All records below should be repeated exactly, with the pictures left out.
BEGIN RECORDS TO USE
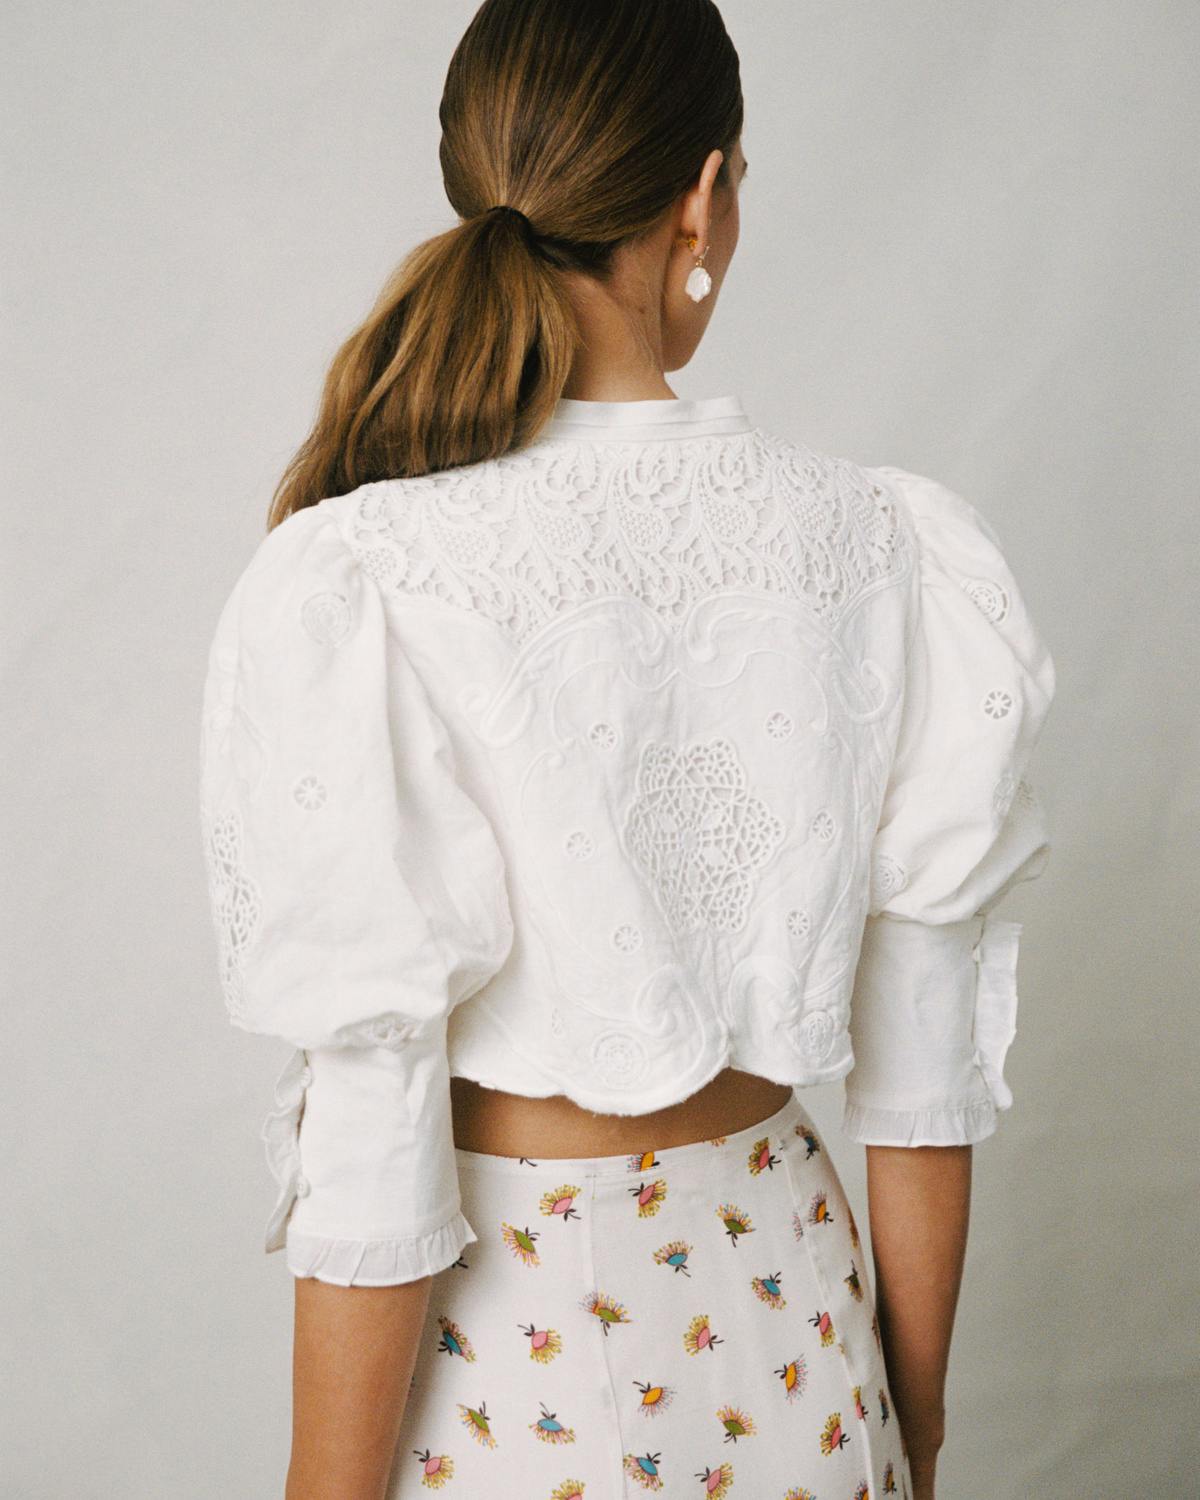 Linen Embroidery Jacket, White. Image #2
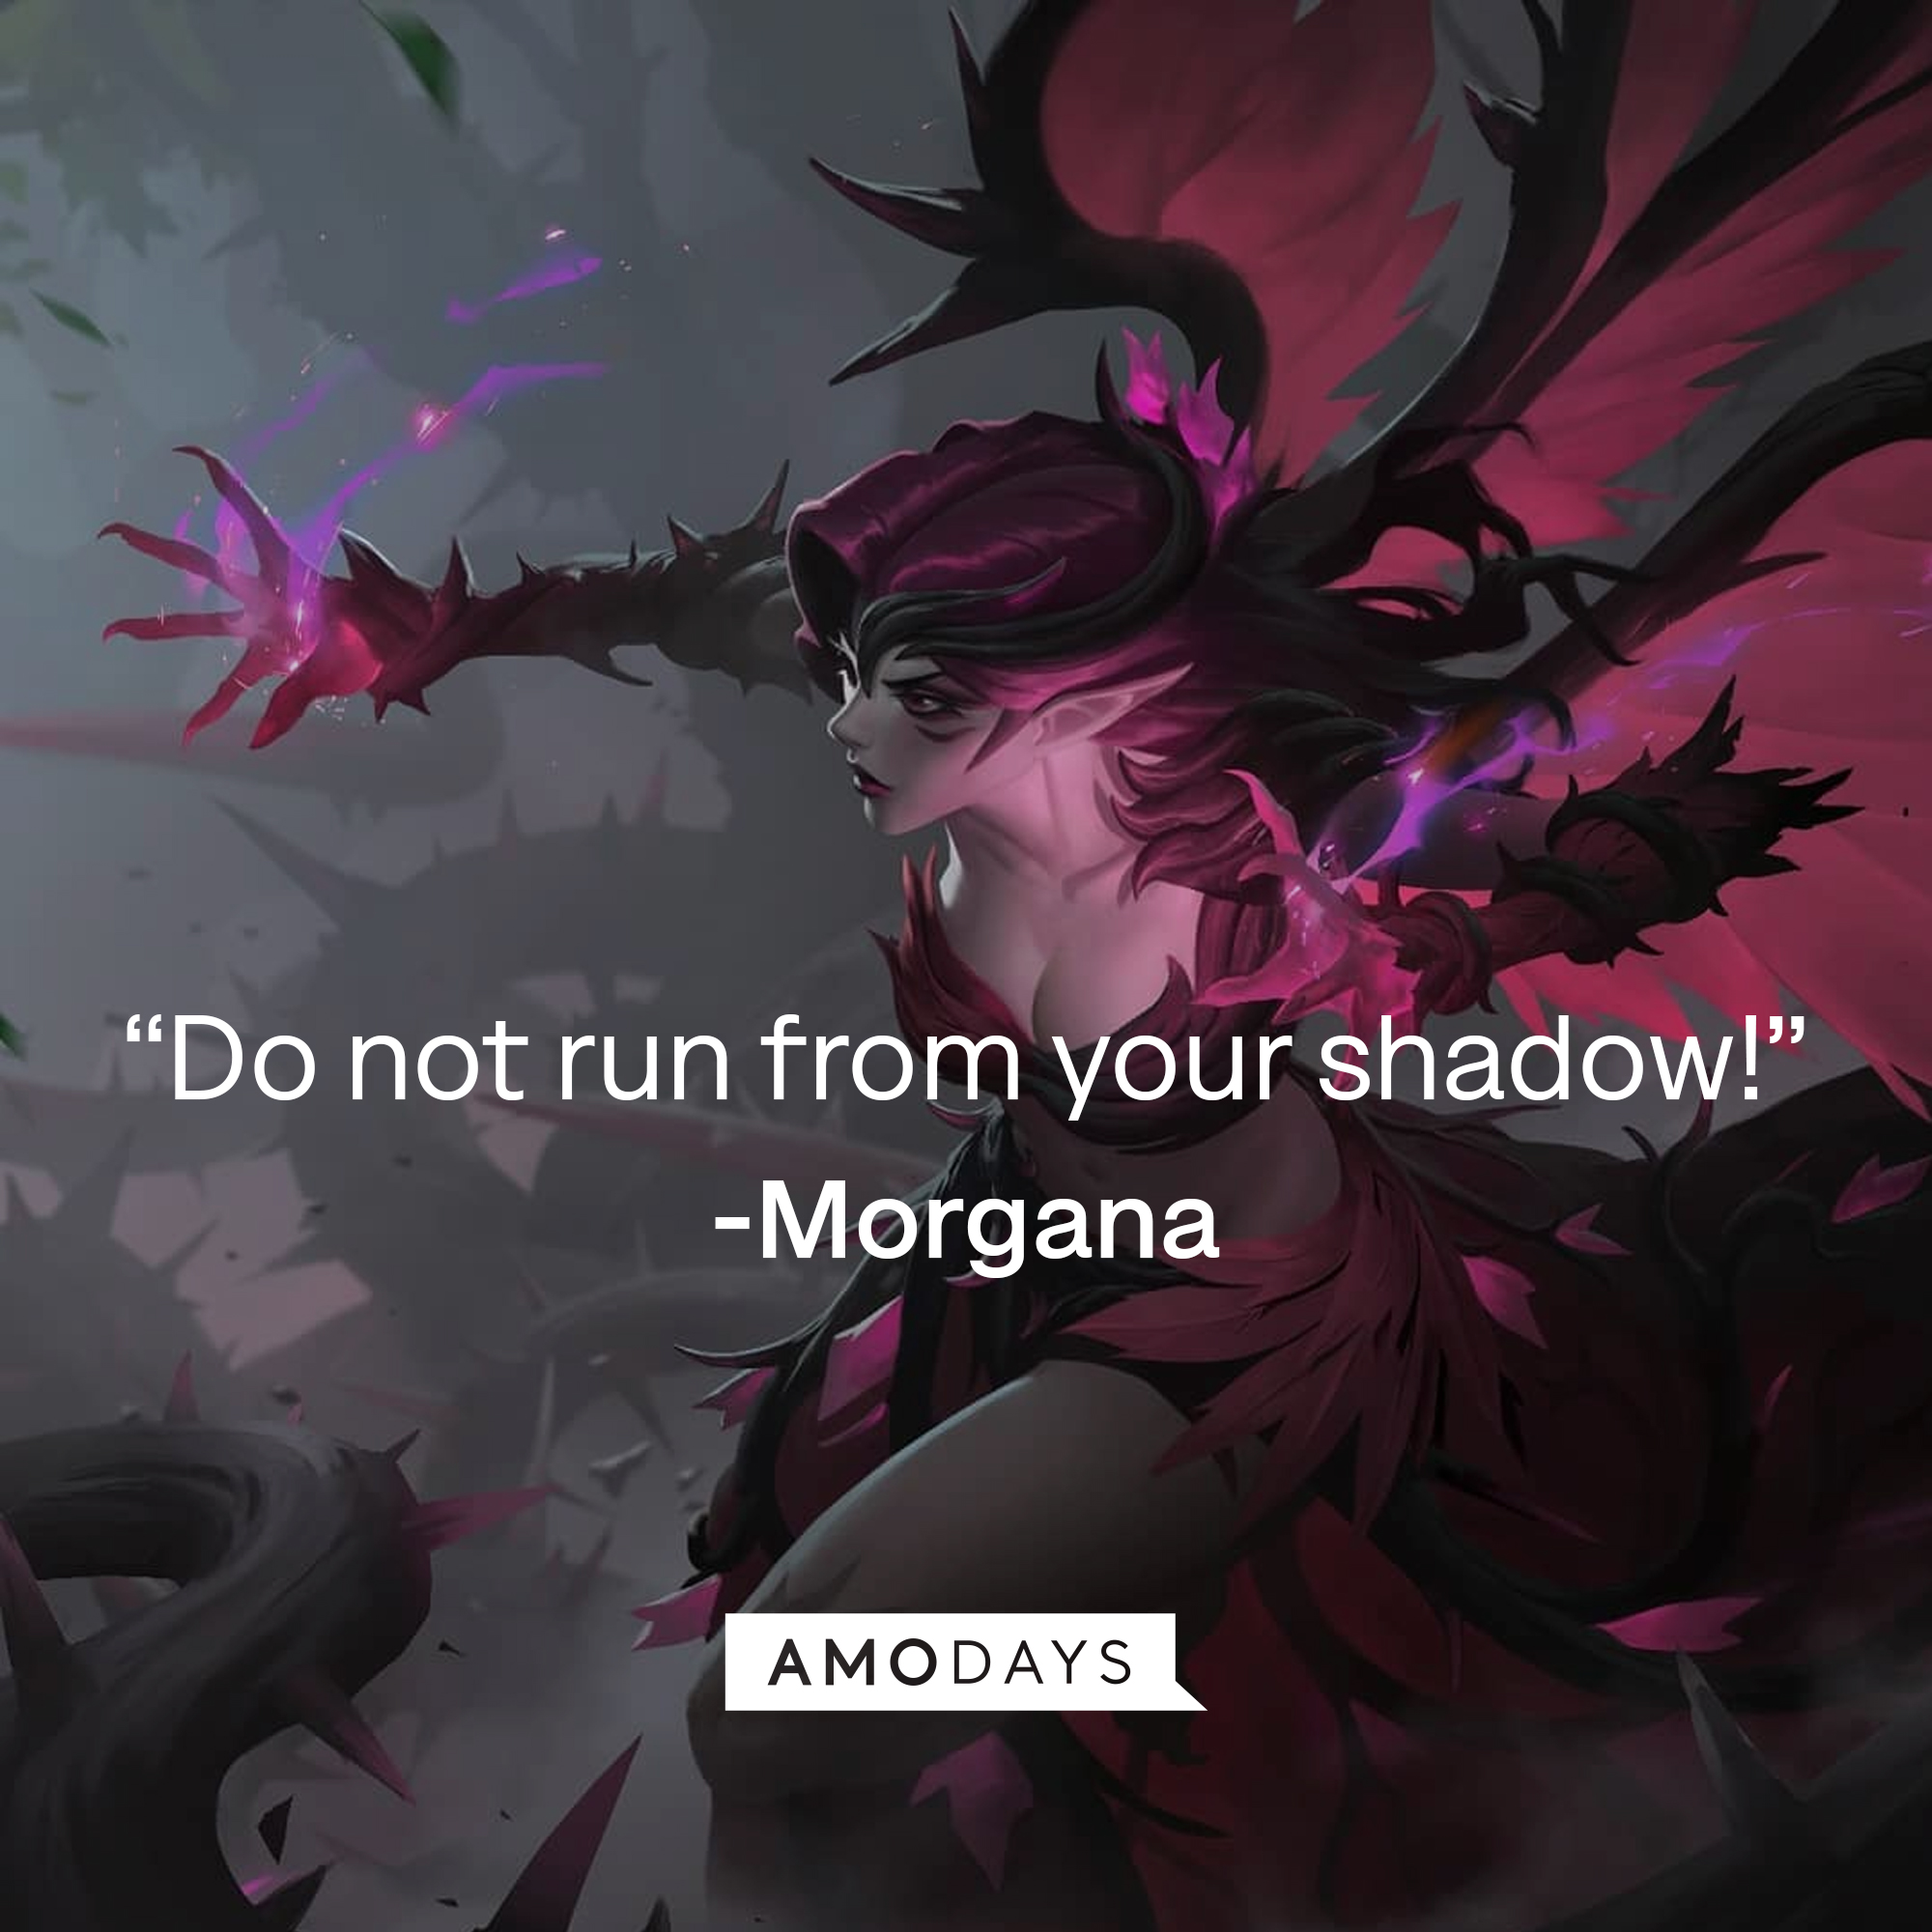 An image of Morgana, with her quote: “Do not run from your shadow!” | Source: Facebook.com/leagueoflegends
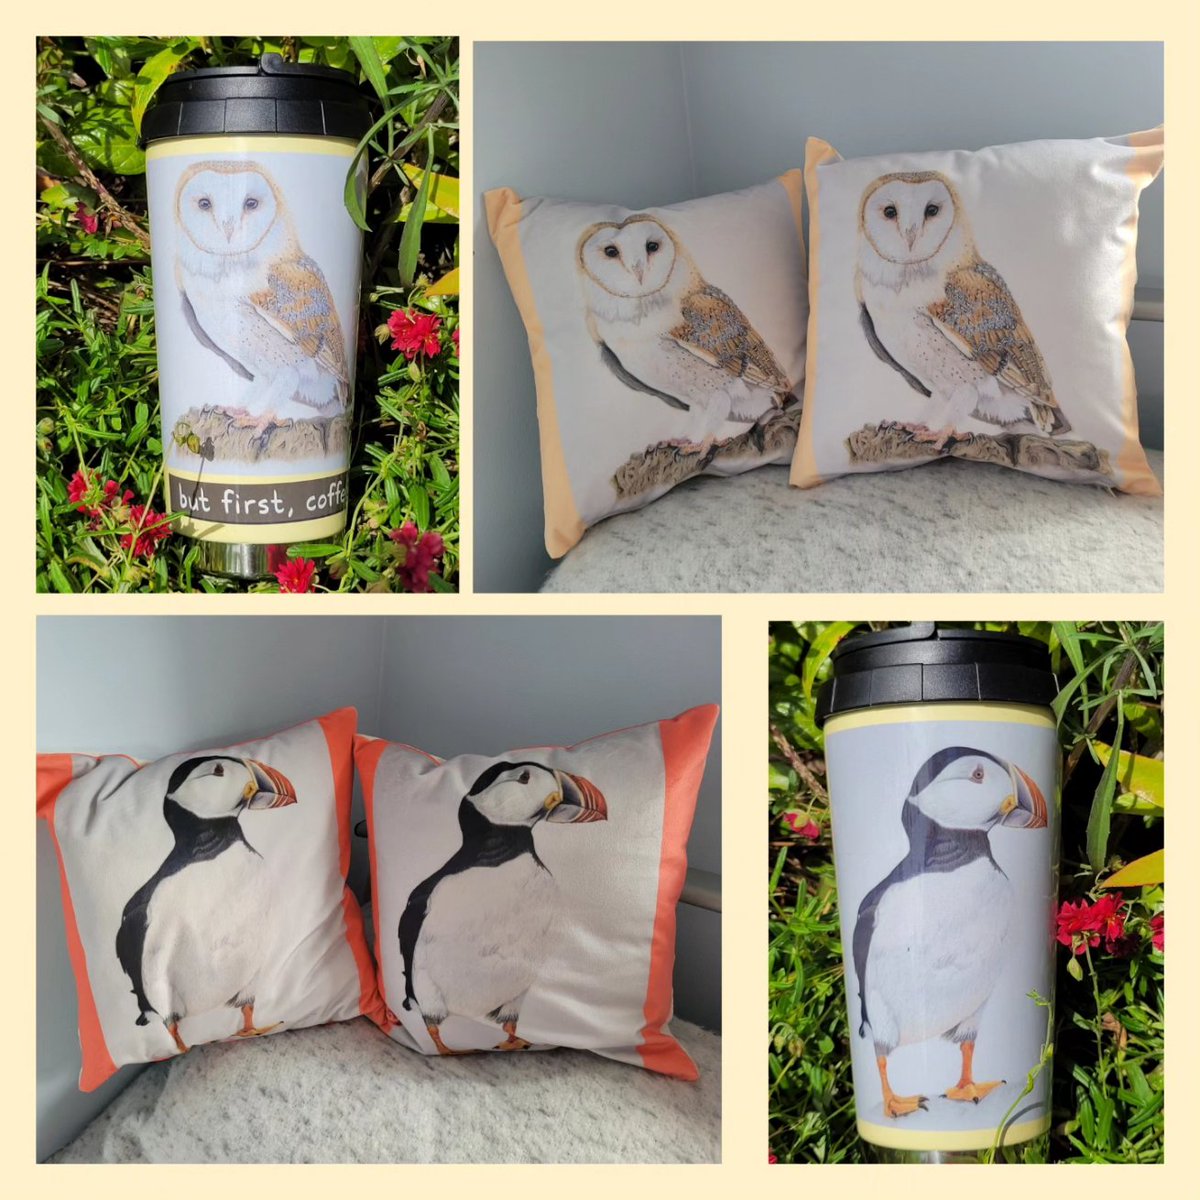 The colours have come out beautifully, I hope you like these new designs as much as I do.

cmcreative.uk/shop

#barnowl #puffins #puffinart #barnowlart #owlart #owls #owlgifts #puffingifts #wildlifegifts #birdgifts #birdart #ukbirds #seabirds #puffinlove
END RECORDS TO USE
* [SOLUTION TO THIS PROBLEM]
 Linen Embroidery Jacket, White. Image #2
 An image of Morgana, with her quote: “Do not run from your shadow!” | Source: Facebook.com/leagueoflegends
 The colours have come out beautifully, I hope you like these new designs as much as I do.

cmcreative.uk/shop

#barnowl #puffins #puffinart #barnowlart #owlart #owls #owlgifts #puffingifts #wildlifegifts #birdgifts #birdart #ukbirds #seabirds #puffinlove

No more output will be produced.